• Given data:

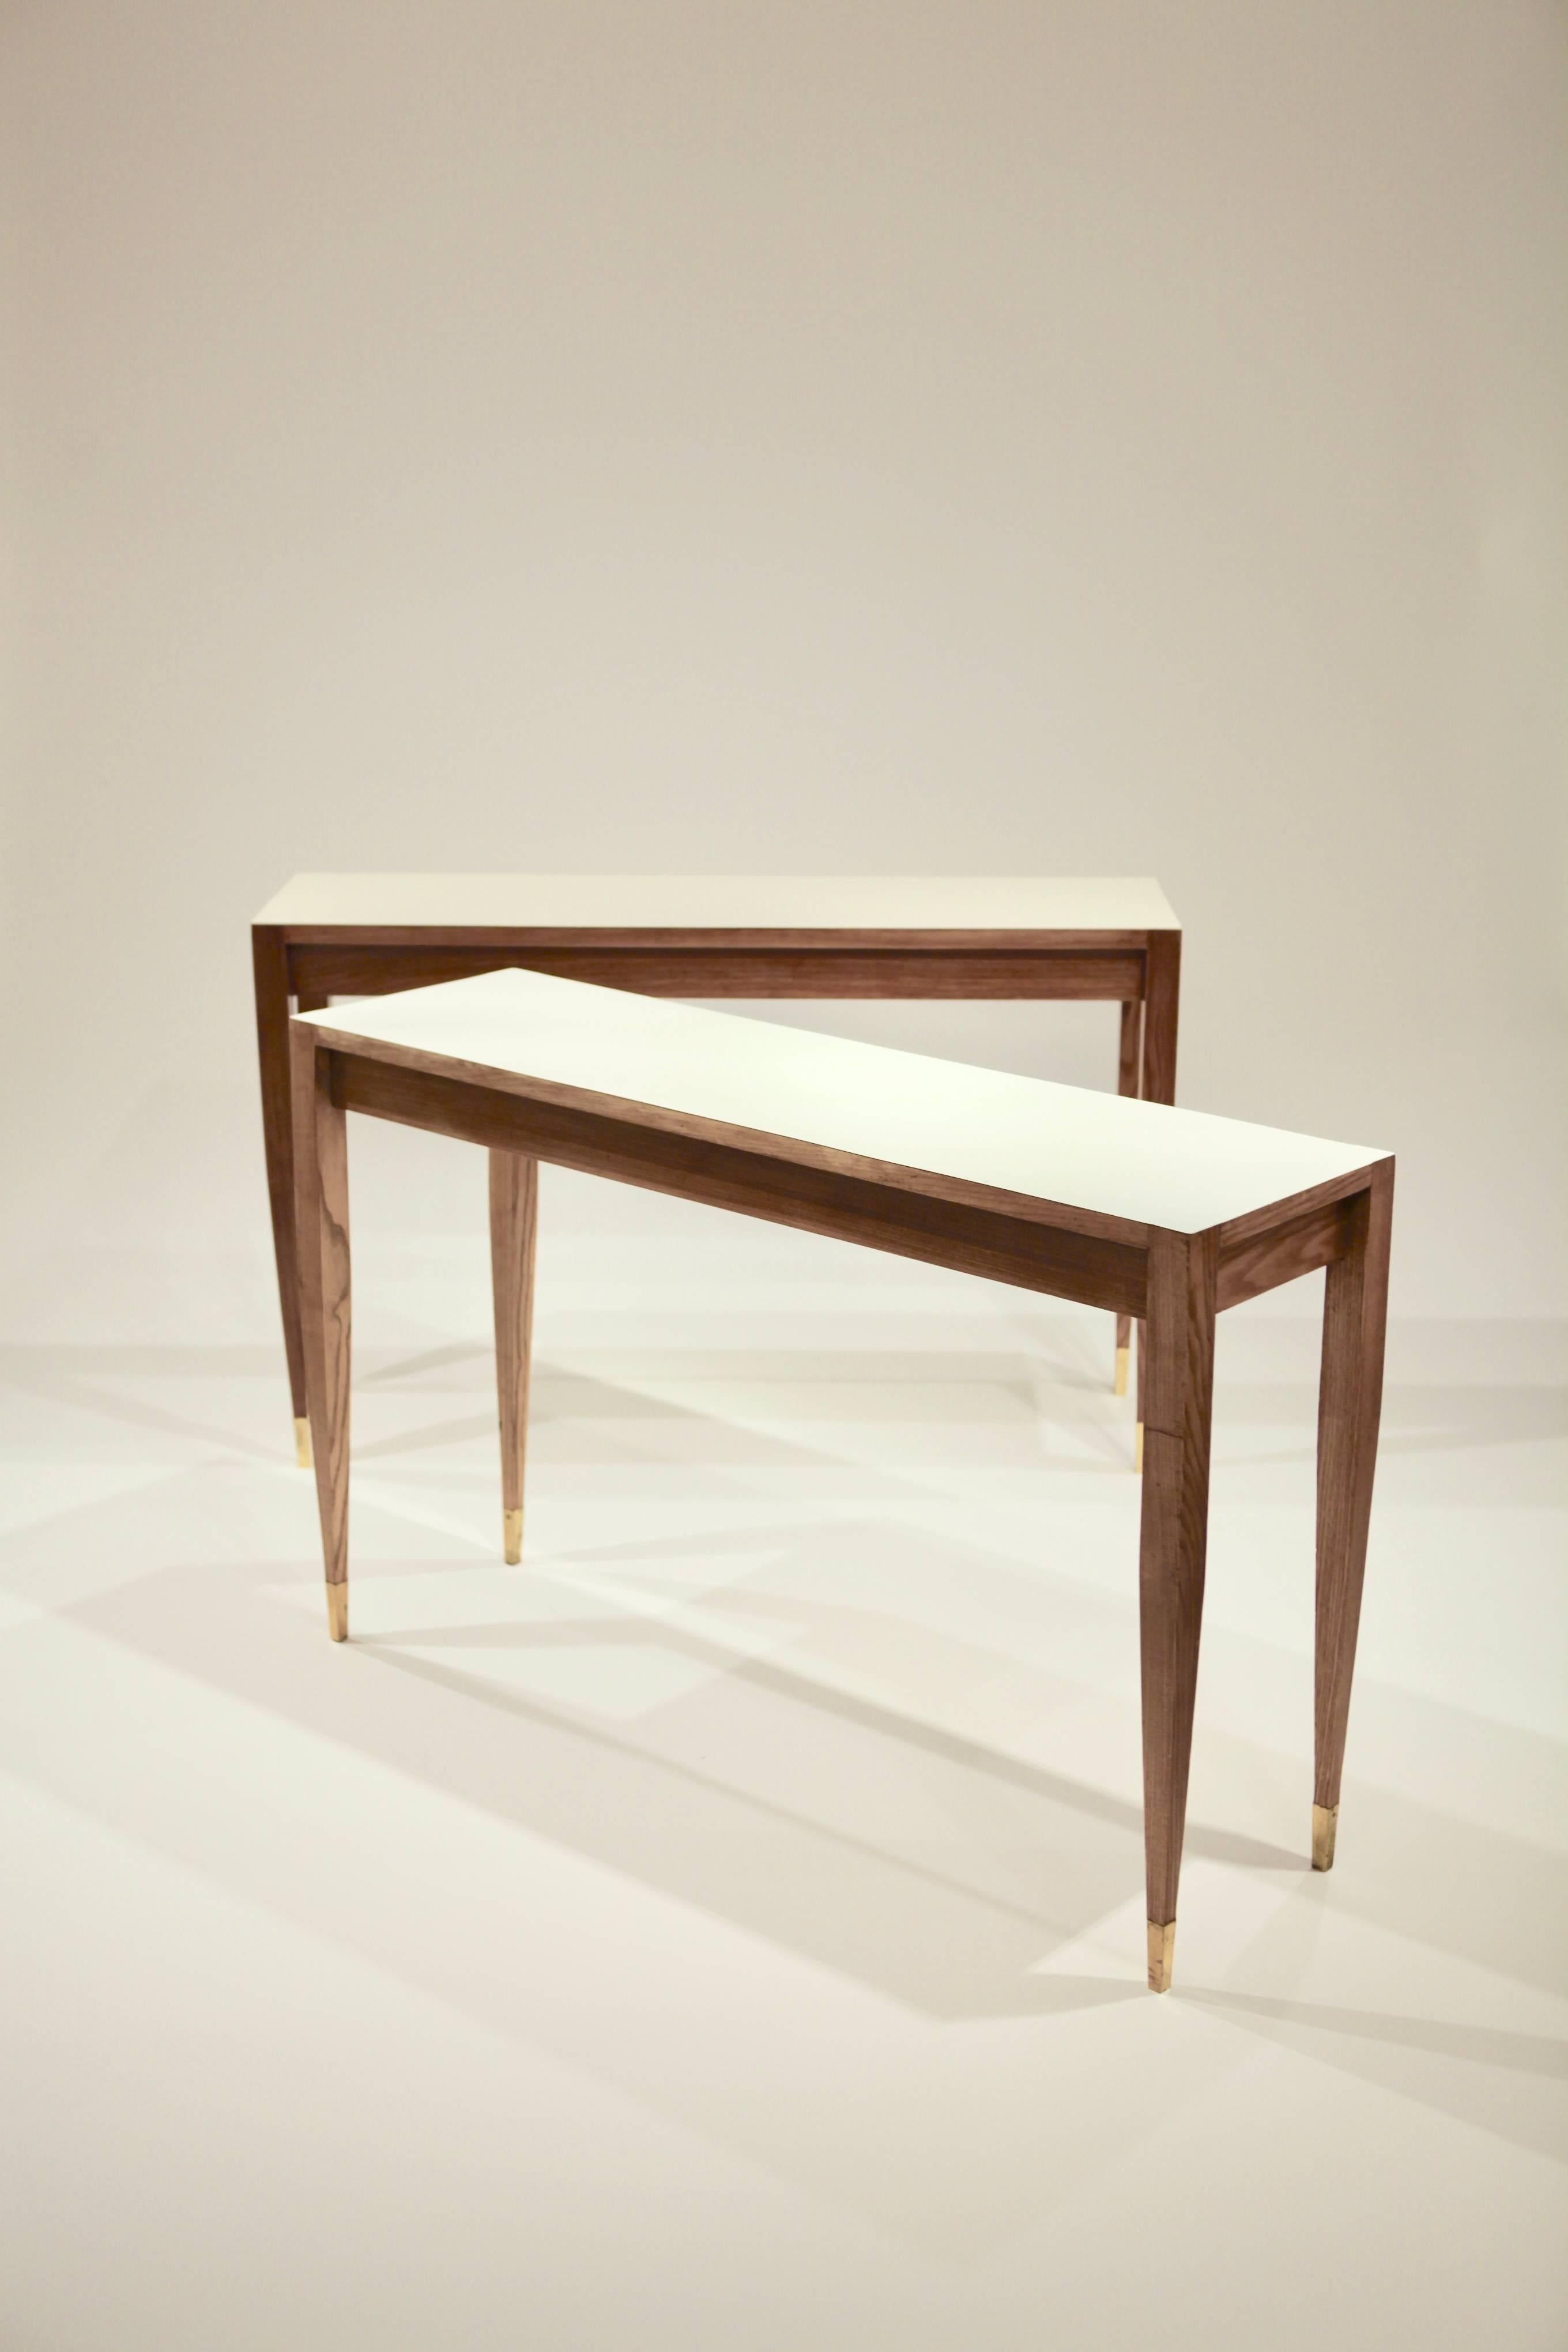 Console table by Gio Ponti,
Manufactured for the Parco dei Principe Hotel Sorrento, circa 1961
Ash formica brass.

• Exercise objective:
Reproduce the full listing faithfully, but do not carry over any pictures.

• Finished task:
 Console table by Gio Ponti,
Manufactured for the Parco dei Principe Hotel Sorrento, circa 1961
Ash formica brass.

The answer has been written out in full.